In a once weekly injection of exenatide for Drug-Naive Patients with Type 2 Diabetes (DURATION-4) in a 26-week double-blind study they found that exenatide once weekly (EQW) was noninferior to metformin (MET) but not pioglitazone (PIO) and superior to sitagliptin (SITA) with regard to HbA1c reduction at 26 weeks….
Of the agents studied, EQW and MET provided similar improvements in glycemic control along with the benefit of weight reduction and no increased risk of hypoglycemia.
The methods used were the patients were randomized to subcutaneous (SC) EQW 2.0 mg + oral placebo (n=248), MET 2,000 mg/day + SC placebo (n=246), PIO 45 mg/day + SC placebo (n=163), or SITA 100 mg/day + SC placebo (n=163) for 26 weeks.
MET and PIO therapies were increased to maximum–tolerated dosages. The injections with EQW or placebo were administered weekly, while oral medication or placebo was administered daily.

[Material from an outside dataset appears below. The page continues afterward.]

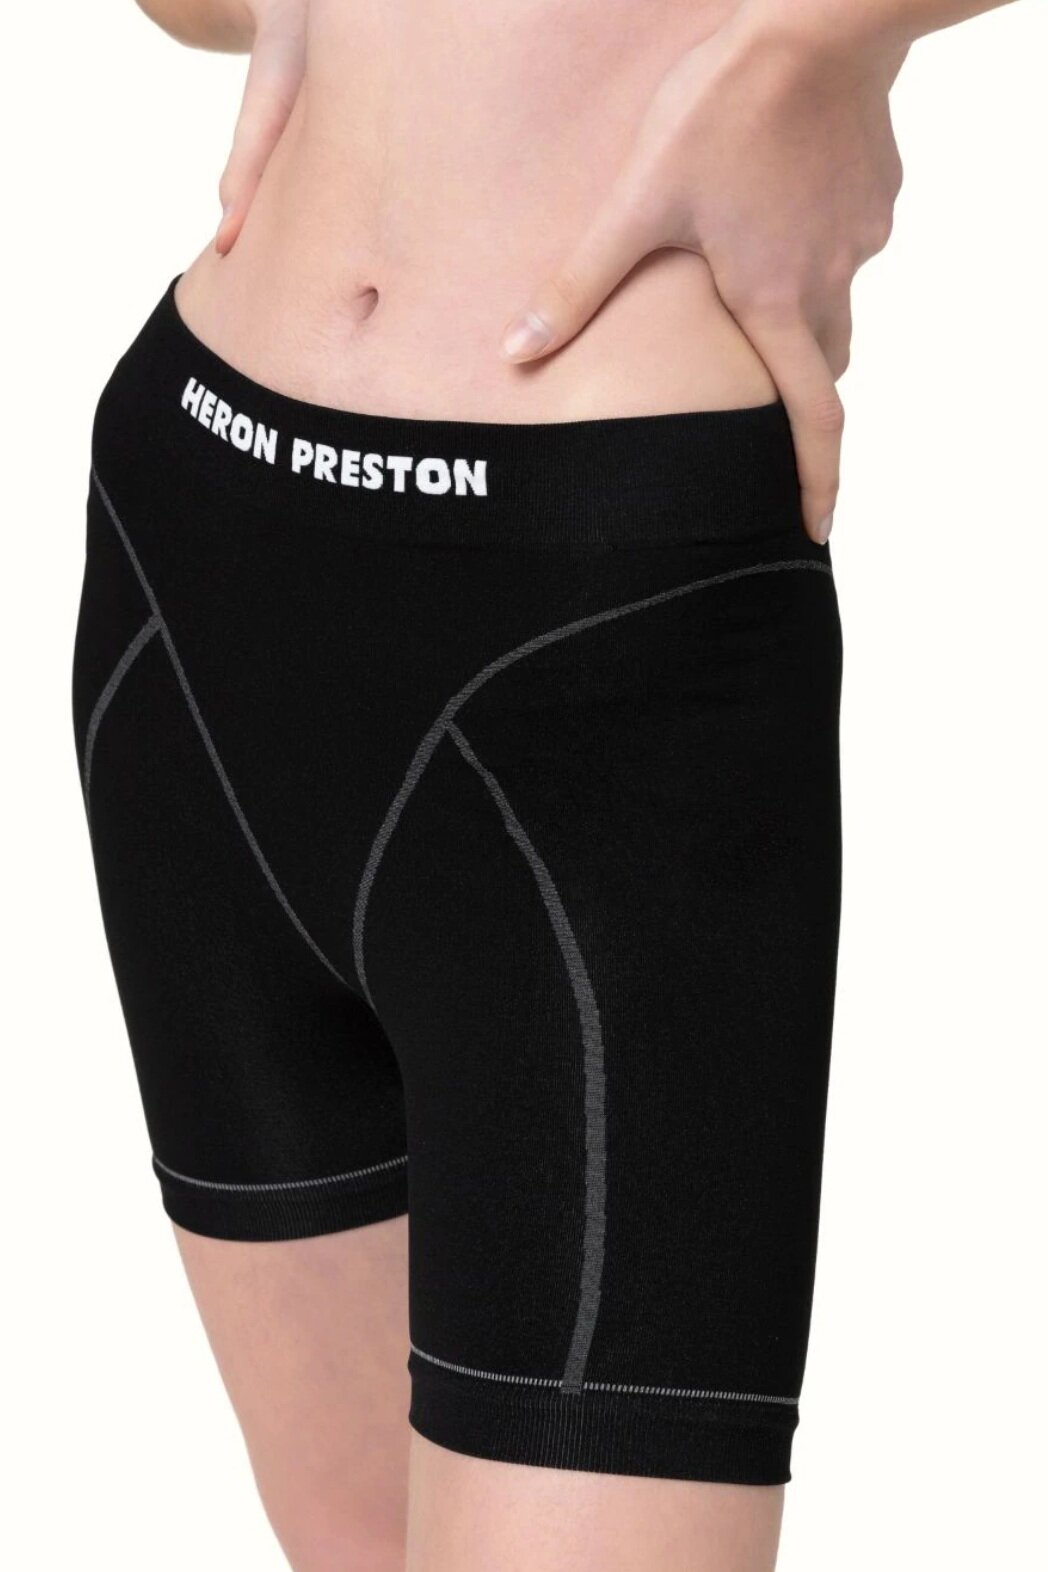 Heron Preston Active Shorts ($330)
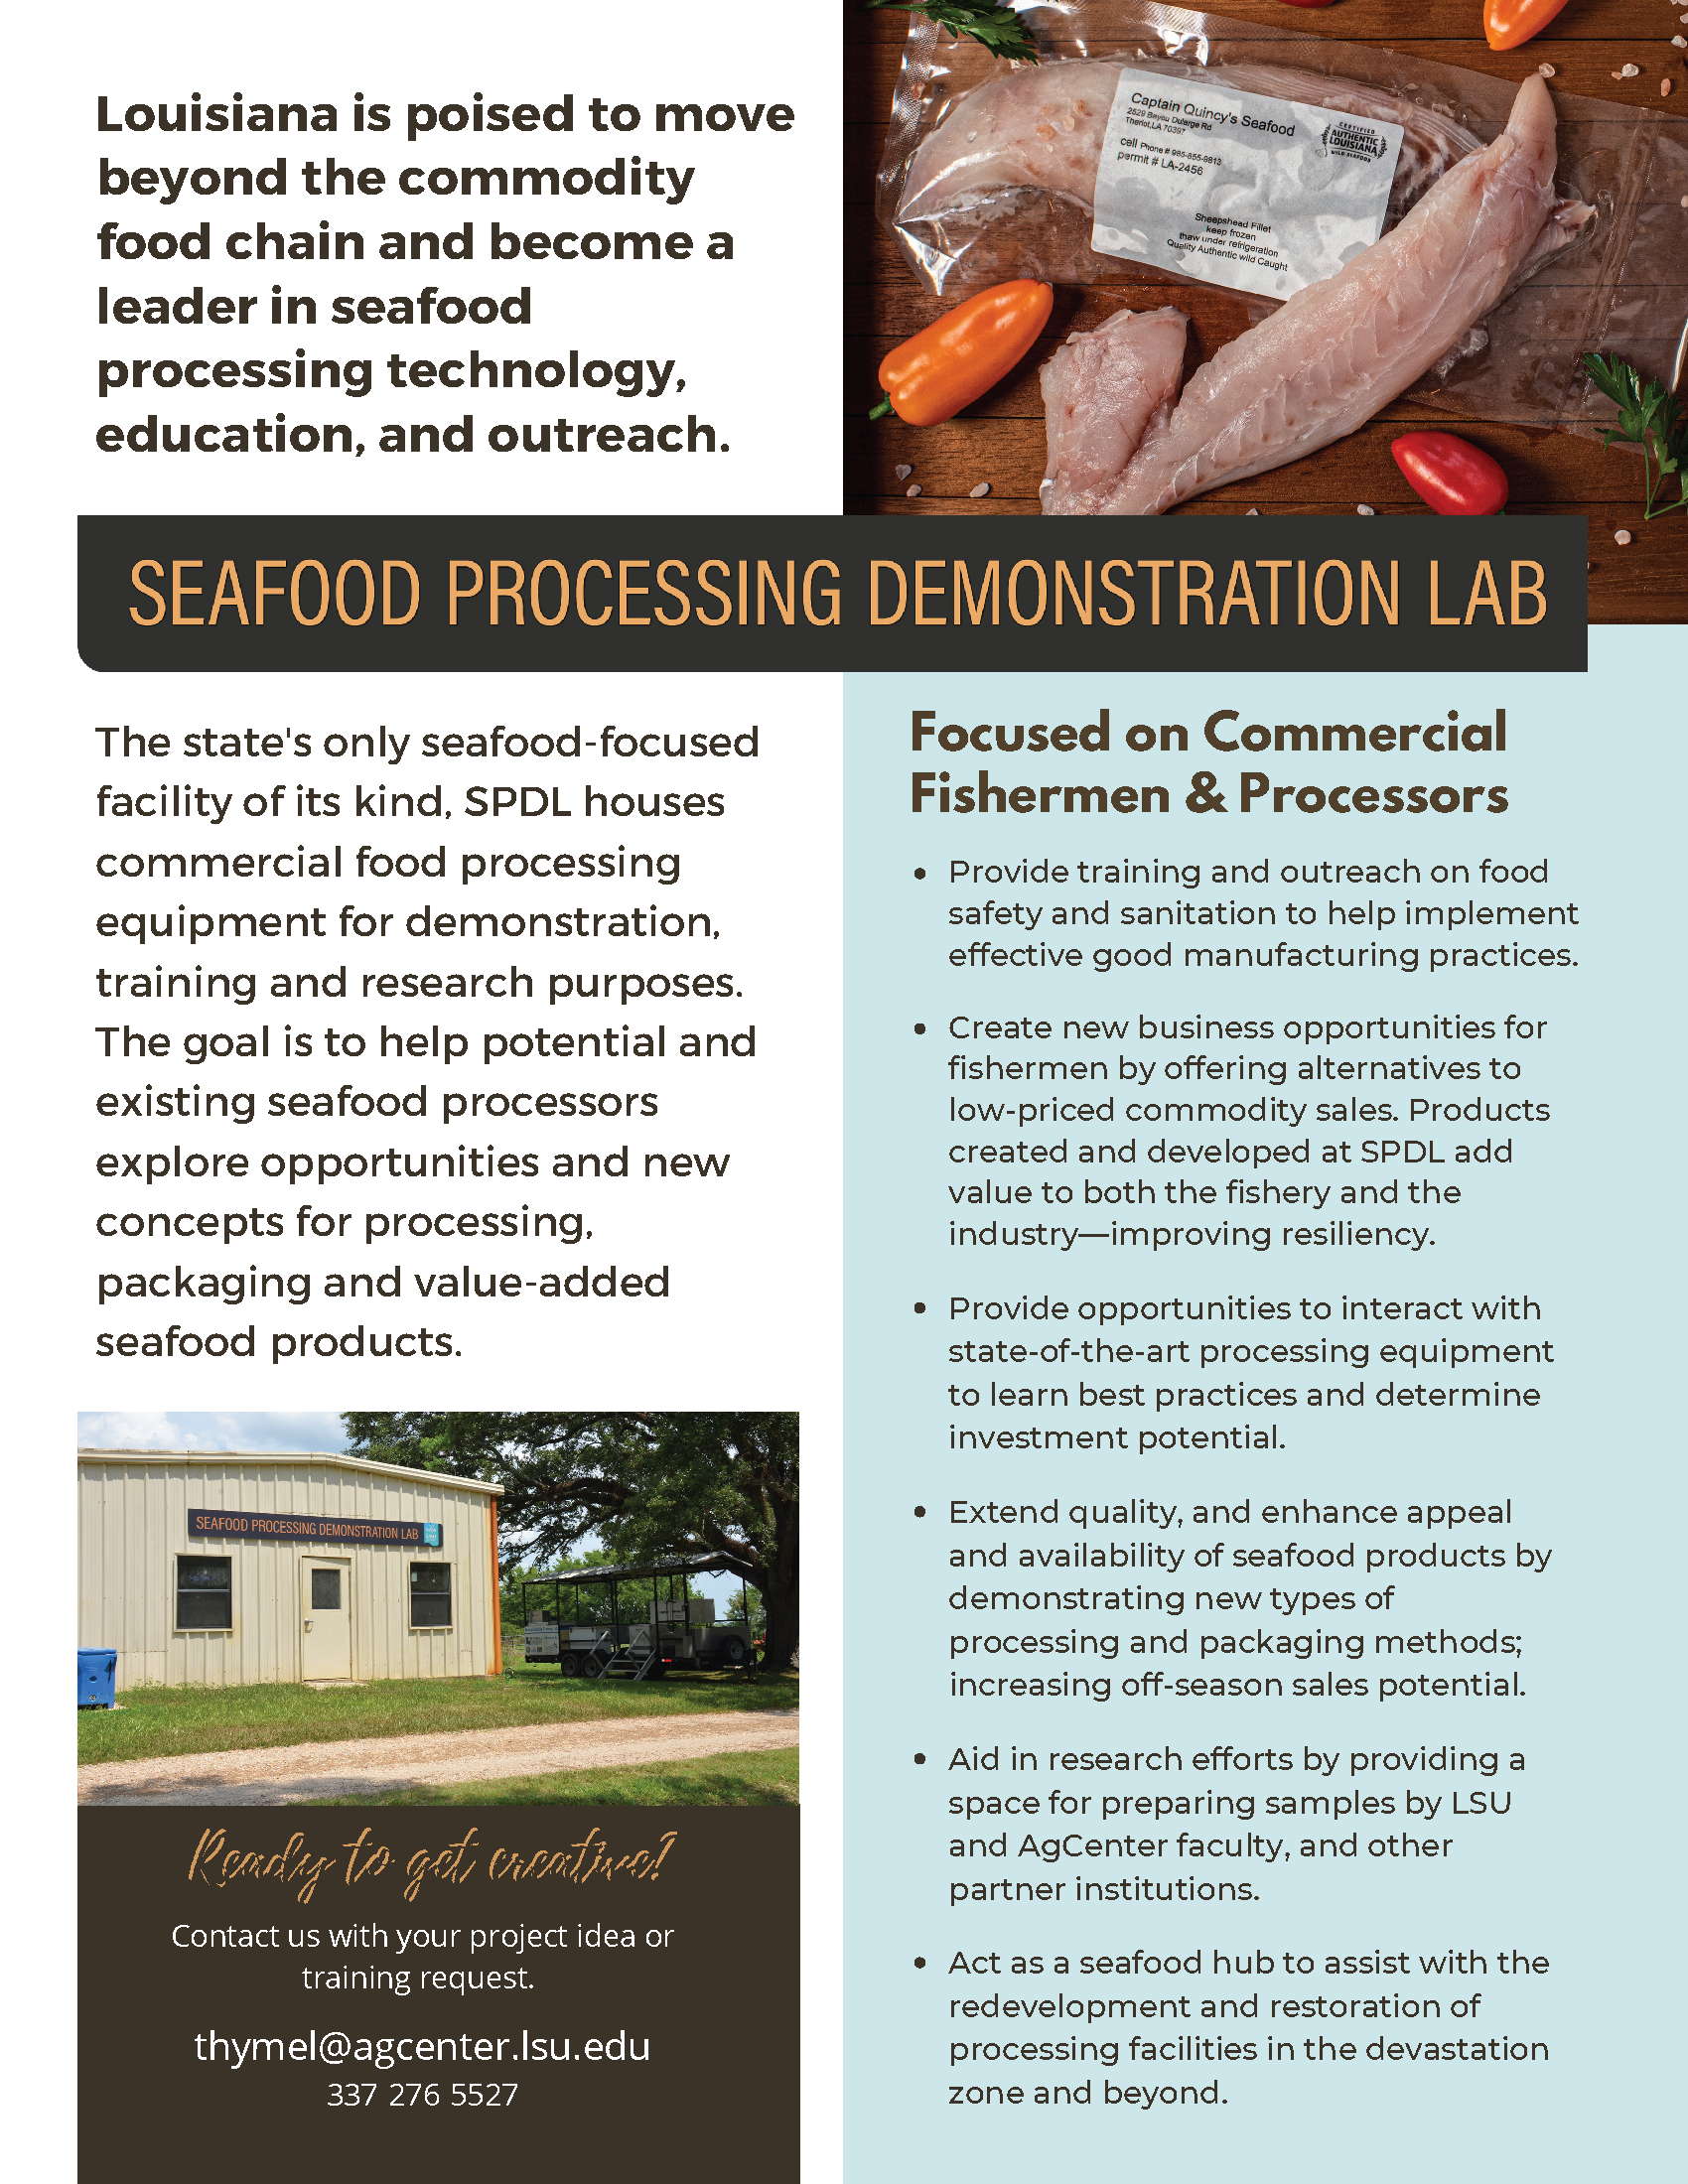 Seafood Processing Demonstration description.

The results showed that baseline characteristics were as follows: 59% men, 67% Caucasian, mean age 54 years, HbA1c 8.5%, fasting serum glucose 9.9 mmol/L, body weight 87.0 kg, and diabetes duration 2.7 years. HbA1c reductions (%) at 26 weeks (least–squares means) with EQW versus MET, PIO, and SITA were –1.53 vs. –1.48 (P=0.620), –1.63 (P=0.328), and –1.15 (P<0.001), respectively. Weight changes (kg) were –2.0 vs. –2.0 (P=0.892), +1.5 (P<0.001), and –0.8 (P<0.001), respectively. Common adverse events were as follows: EQW, nausea (11.3%) and diarrhea (10.9%); MET, diarrhea (12.6%) and headache (12.2%); PIO, nasopharyngitis (8.6%) and headache (8.0%); and SIT, nasopharyngitis (9.8%) and headache (9.2%). Minor (confirmed) hypoglycemia was rarely reported. No major hypoglycemia occurred.
From the results it was concluded that,in these patients with type 2 diabetes who were naive to antihyperglycemic therapy, all four treatments resulted in improvements in HbA1c, and a majority of EQW-, MET-, and PIO-treated patients achieved a target HbA1c of 7.0%.
This study recognizes that guidelines typically recommend MET as the first agent used, because it is inexpensive and supported by long-term data. Of the agents studied, EQW and MET provided similar improvements in glycemic control along with the benefit of weight reduction and no increased risk of hypoglycemia. There were no unexpected findings with regard to safety or tolerability. Based on these 26-week data, EQW is a once weekly dosing option for initial therapy. Longer-term studies will be required to assess the durability of the observations in this study.